More CAPTCHA-related fun (bug 4513)
Aug. 17th, 2012 09:20 am![[personal profile]](https://www.dreamwidth.org/img/silk/identity/user.png)
As some know, I've been working on the remaining bit of bug 4513 - that text CAPTCHAs always fail when non-logged-in OpenID users try to comment on a post. It's taken me somewhat further down the rabbit-hole than I expected ;-) I wanted to discuss two possible routes to fixing it - not sure whether such discussion is better here or on bugzilla?
So, background follows (and thanks to people on IRC last night, especially Dre, for helping me figure much of this out).
Initially I thought to fix this by getting the textcaptcha handler to look at the form it is given rather than doing its own thing. When I did this, the OpenID special case started working but everything else broke, some of the time ;-) After a lot of "WTF" I realised why Fu had originally written the textcaptcha handler the way she had:
Textcaptchas can have more than one correct answer (e.g. "7" and "seven"). When a form containing a captcha with two correct answers is received by a BML page and translated into the %POST variable, the hashes of the two correct answers are concatenated together, separated by a null character[1]. Apparently when the form is received by a TT page, something different will happen. Grabbing the form directly from the http request means that things will be in a consistent format regardless of BML/TT/whatever, so doing it that way avoided complexity. Except that it doesn't work with OpenID ;-)
So, as I see it there are two possible ways to fix:
Option 1 intuitively seems more elegant to me, simply because once we no longer support BML we can remove the relevant code from one place (the textcaptcha handler) and be left with consistent handling of all captchas site-wide.
Option 2 was generally favoured on IRC last night, and as I said there I'm quite happy to accept this advice from those with vastly more expertise and knowledge, so long as I understand the reason :-) However, note that with this approach comment forms will always remain a special case - even after BML is done away with - because of the need to allow for OpenID redirects.

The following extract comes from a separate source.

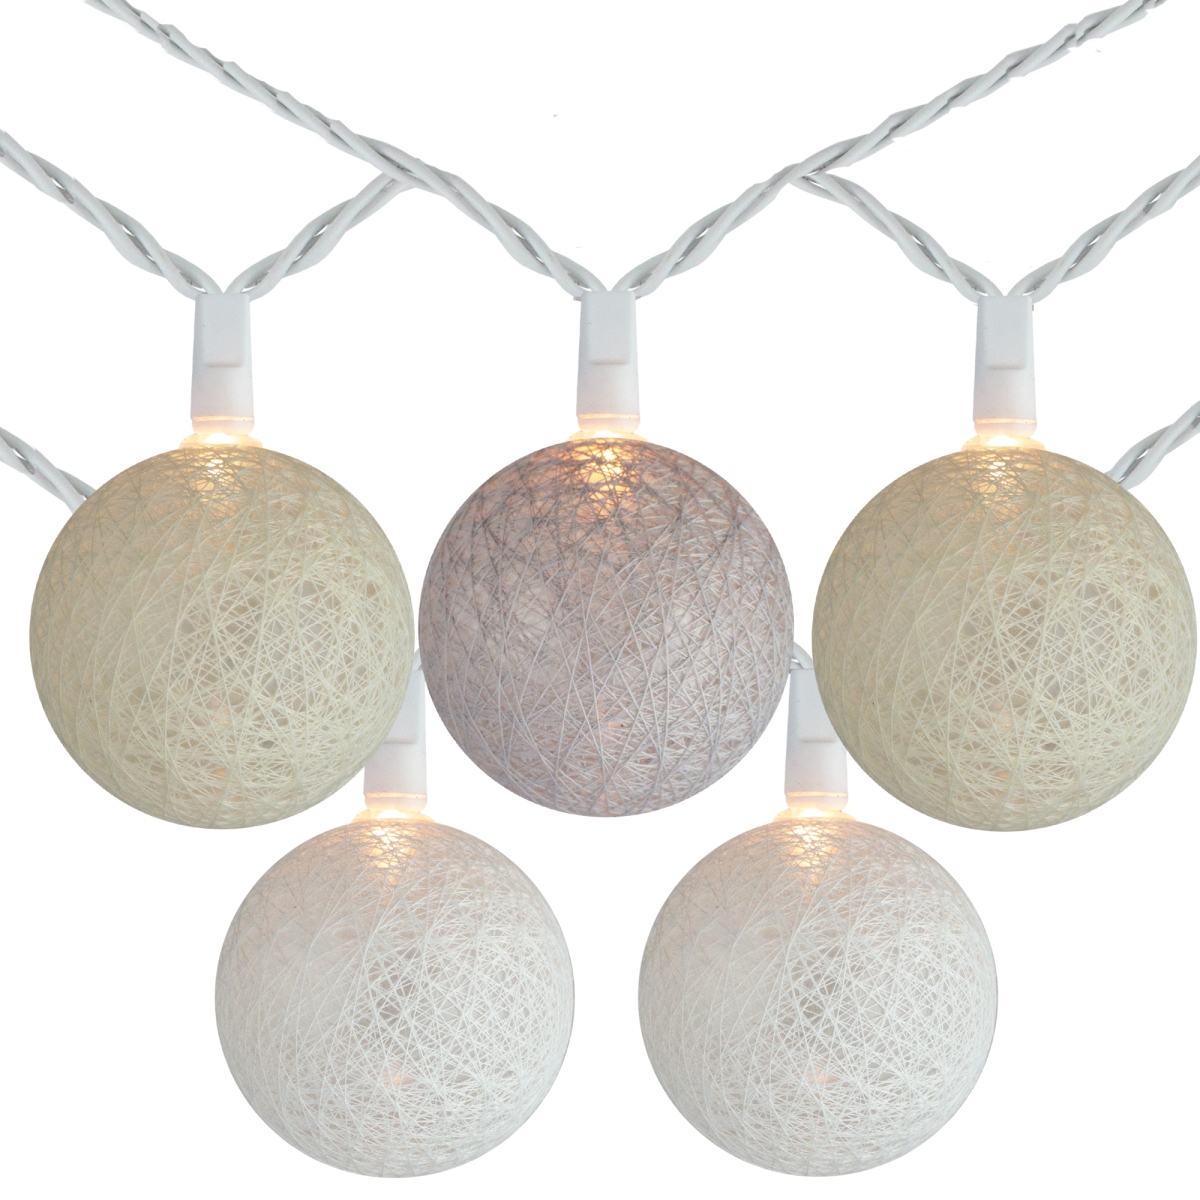 Picture of Brite Star 32915545 10 Neutral Tone Yarn Ball Patio Globe Lights - 8.6 ft. White Wire

Either way, I need advice:
If implementing Option 1, how does TT behave when it encounters a form with two fields of the same name? I would need to figure out how to tell the difference in what the textcaptcha handler receives so as to treat it accordingly. Are there any TT-based forms that use captchas as yet, to allow for testing?
If implementing Option 2, how can the textcaptcha handler know what page it is being called from? There is already a $page parameter that is used in most places (for instance, when a captcha is included on the lostinfo page, $page="lostinfo" is passed). However, when a captcha is included on the commenting form, $page=undef. I don't know whether I can just change this to something informative, or whether there is a reason for keeping it undef (possibly because in this instance the captcha is dealt with by a .pm file rather than directly in the BML)
So... comments, advice, and "WTF are you talking about, this doesn't make sense", all welcome. Thanks in advance :-)
PS: I realise that this is a tiny edge-case that I'm trying to fix, and that experienced people would probably have Just Fixed It. But, I want to get it right ;-)
EDIT: Just realised that the above is probably made even less comprehensible by the fact that I'm using "hash" in the md5 sense rather than the perl sense, most of the time. Words, they mean multiple different things. How inconvenient ;-)
[1] No, I didn't know what a null character was until yesterday...
So, background follows (and thanks to people on IRC last night, especially Dre, for helping me figure much of this out).
- When a form includes a captcha, and that captcha needs verifying to see whether the right answer is given, the code that is evaluating that form uses various functions in DW::Captcha, passing the form (as a hashref, I think?) in the parameters.
- The TextCAPTCHA handler ignores the form that it is passed, and simply looks up the form submission in the http request instead.
- This works fine except for one case - where a non-logged-in OpenID user is submitting a comment. In this case, because of the way that OpenID works, the http request that led to this code being run doesn't have the form in, so the correct answer to the captcha (included in the form, hashed in a hidden field) and the given answer are lost.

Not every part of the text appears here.